The Finance and National Planning Committee of Kenya’s National Assembly is seeking to overhaul the current Pay As You Earn (PAYE) tax structure.
As part of the upcoming 2026 Finance Bill.
Under the proposal, the tax-free monthly income threshold, which is currently set at KSh 24,000, would be increased.
To ease the burden on both lower- and higher-income earners.

Reviewing Tax Bands and Rates
Committee chair and Molo MP Kuria Kimani confirmed that lawmakers plan to review the existing five PAYE bands to reflect current economic realities.
He argued that the present threshold is too low and should be adjusted to benefit a wider segment of the workforce.
At present, individuals earning above KSh 500,000 per month pay 32.5% in income tax, while those earning over KSh 800,000 are taxed at the top rate of 35%.
The committee is considering lowering this highest rate to align with corporate tax levels.
Additionally, it is worth noting that the current disparity can incentivize individuals to structure their earnings as company income rather than a personal salary.
“The KSh 24,000 tax-free limit no longer reflects the cost of living.
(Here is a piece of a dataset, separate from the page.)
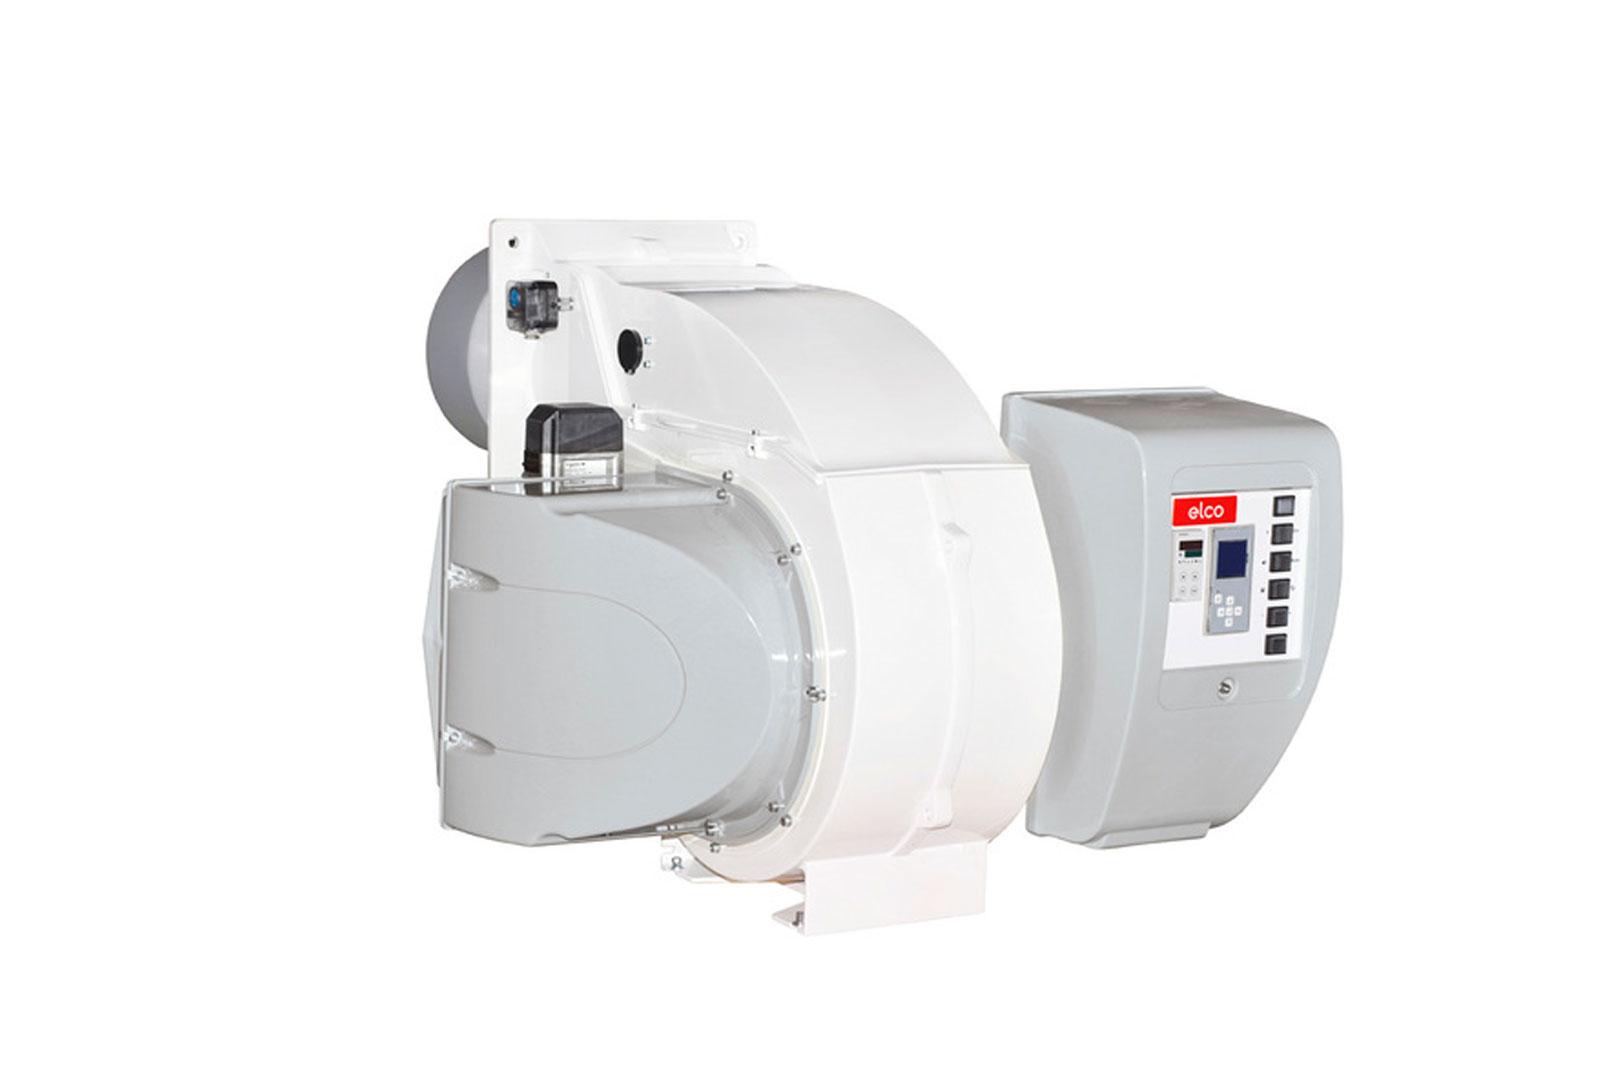 quemador-elco-monoblock-ek-evo-flamax-eficiencia-energetica-ppal

Raising it, alongside reviewing the PAYE bands, is critical,” Kimani stated.
Contrasting Views from the World Bank
While the parliamentary committee leans toward lowering the top rate, the World Bank has recommended moving in the opposite direction.
Increasing the highest personal income tax rate to 38% for those earning above KSh 800,000.
The lender has also proposed lowering the tax rate for monthly earnings between KSh 24,000 and KSh 32,333 from 25% to 15%.
A move, it says, would directly benefit low- and middle-income workers.
Impact on Workers’ Incomes
The debate comes at a time when Kenyans have faced five consecutive years of reduced purchasing power.
With wages failing to keep pace with inflation and the rising cost of living.
Additional statutory deductions, including the controversial health insurance levy and housing tax, have further squeezed disposable incomes.
According to World Bank estimates, implementing their proposal could mean tangible gains for workers.
For example, an employee earning KSh 50,000 per month could see their take-home pay increase by about KSh 179.
While someone earning KSh 100,000 could take home roughly KSh 3,788 more.
Looking Ahead
The Treasury is expected to consider both the committee’s recommendations and those from the World Bank before the Finance Bill is tabled for debate.
Whether the focus will be on lowering top tax rates, expanding the tax-free threshold.
Or a combination of both remains to be seen.
But the outcome will have a direct effect on the earnings and living standards of millions of Kenyans.